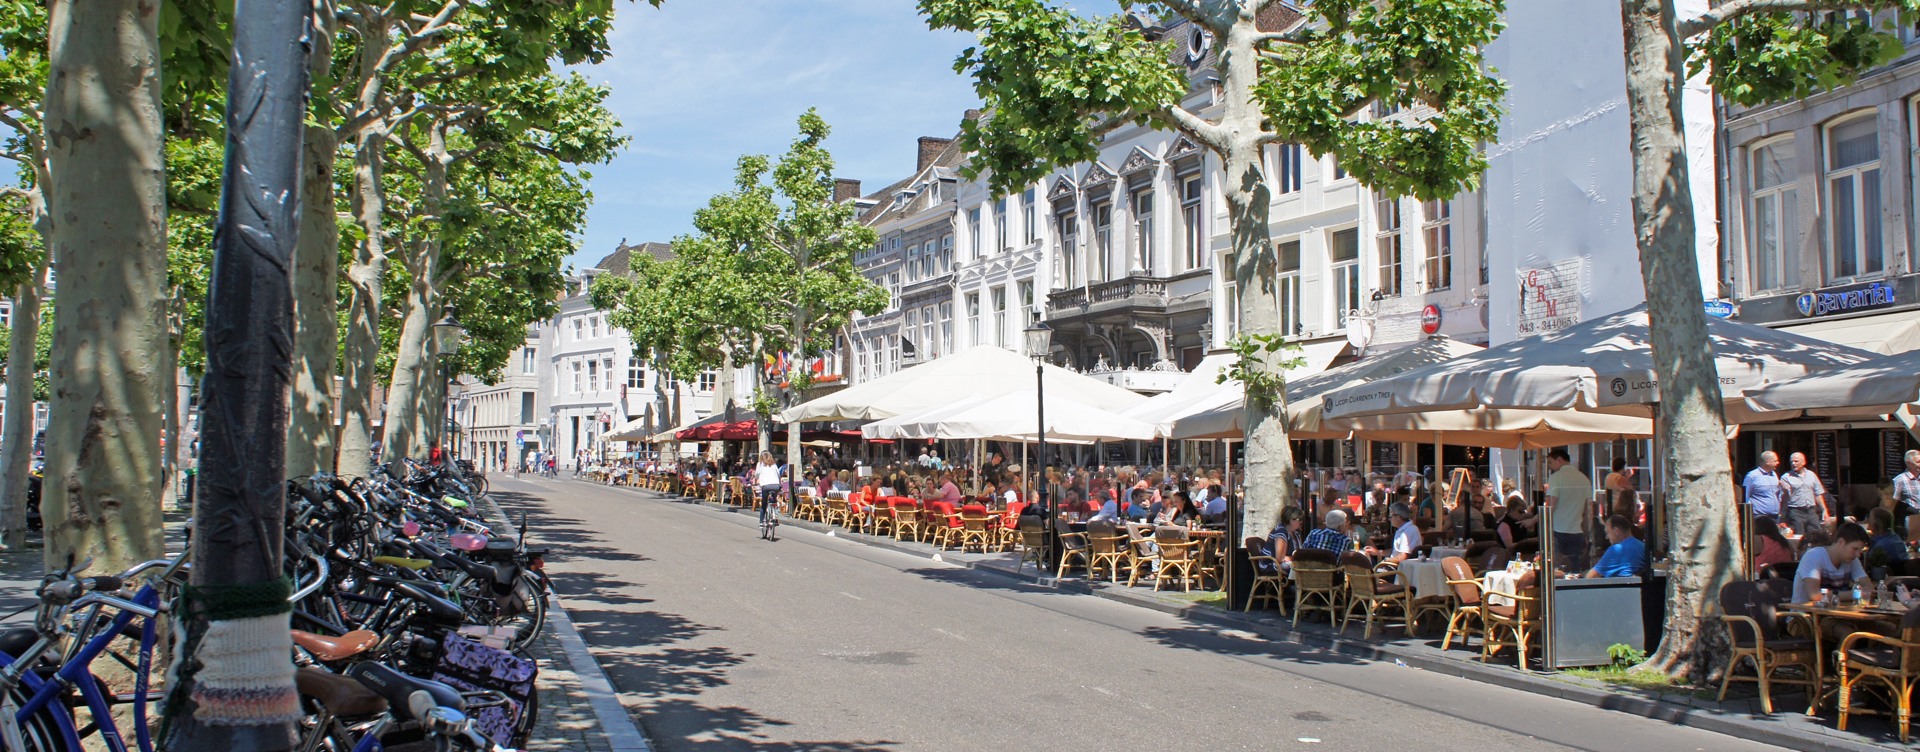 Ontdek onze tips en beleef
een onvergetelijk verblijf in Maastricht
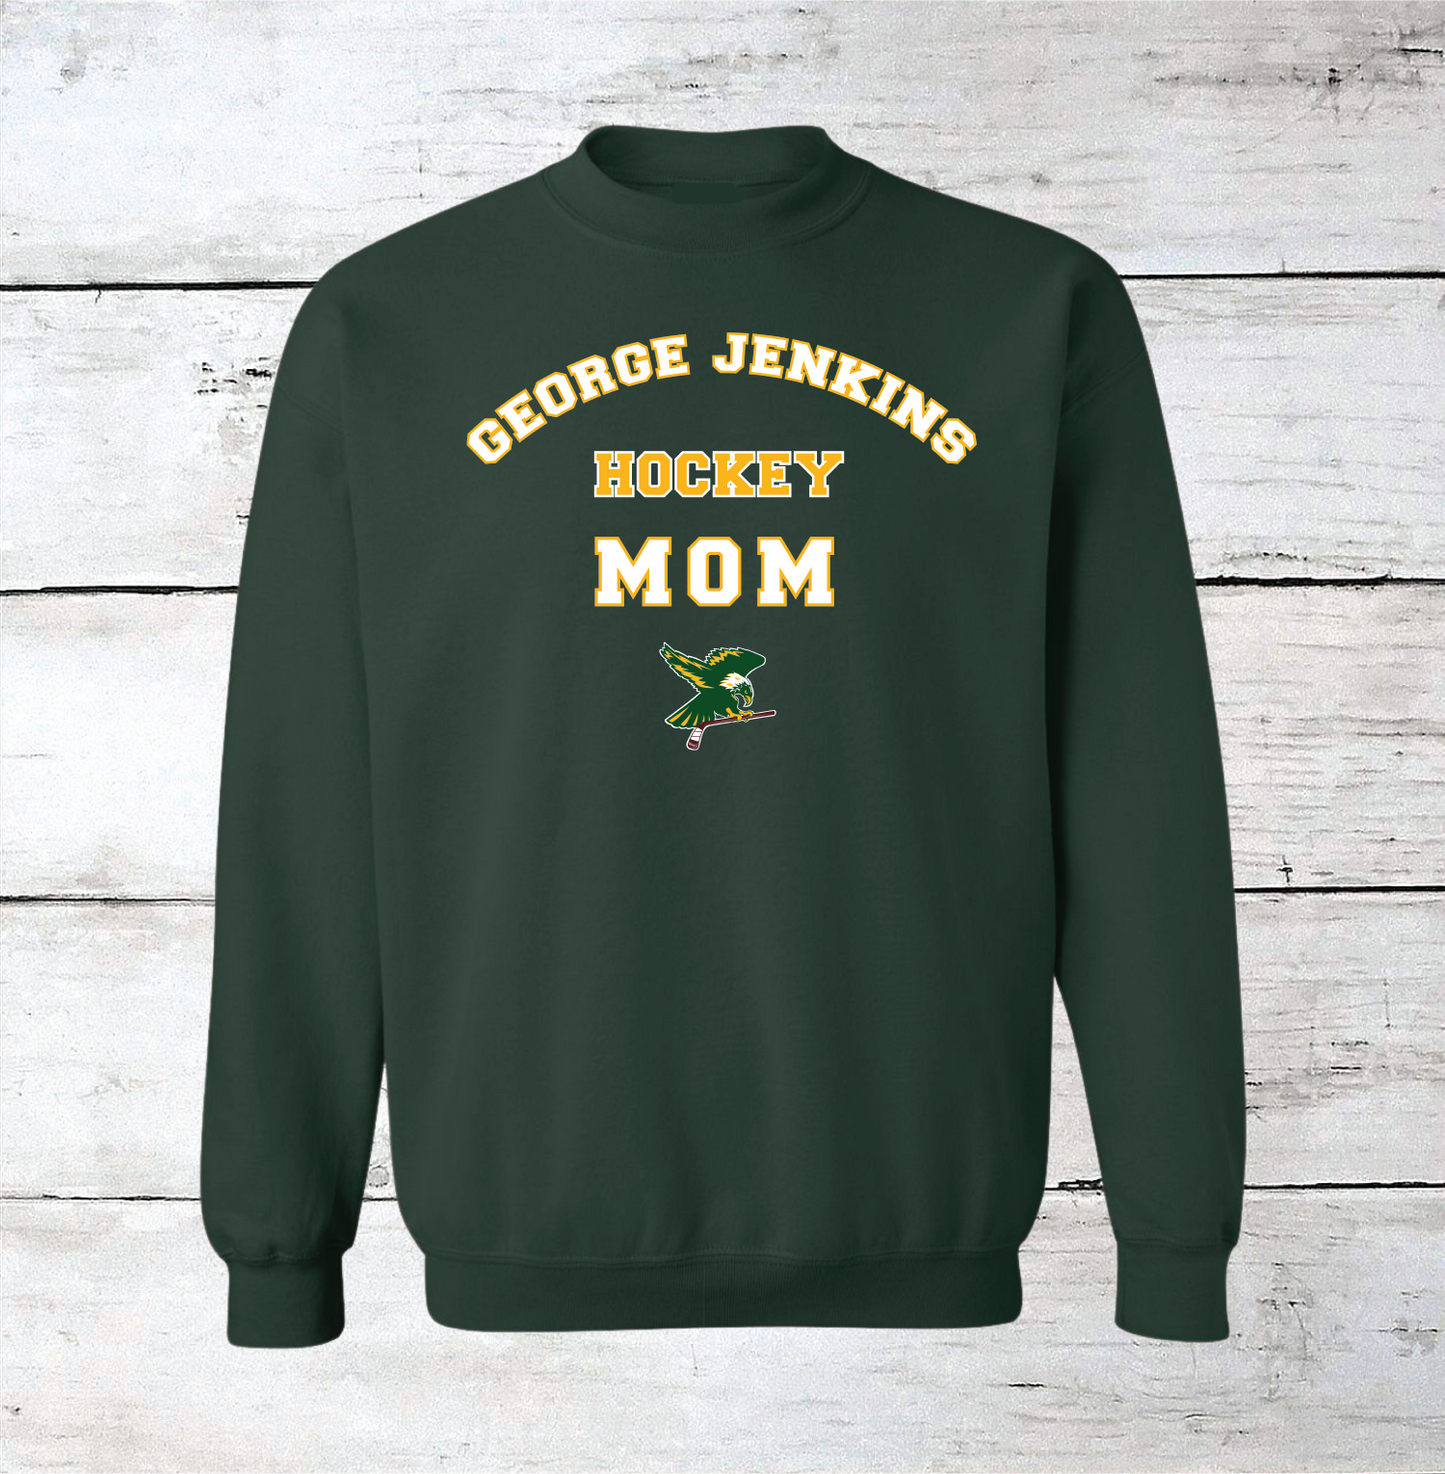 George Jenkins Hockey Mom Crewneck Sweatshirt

Instructions for the task.
Starting at the line that contains "een onvergetelijk verblijf in Maastricht", extract each line through the last line of the material exactly as written, and include no pictures.

Your solution.
een onvergetelijk verblijf in Maastricht
 George Jenkins Hockey Mom Crewneck Sweatshirt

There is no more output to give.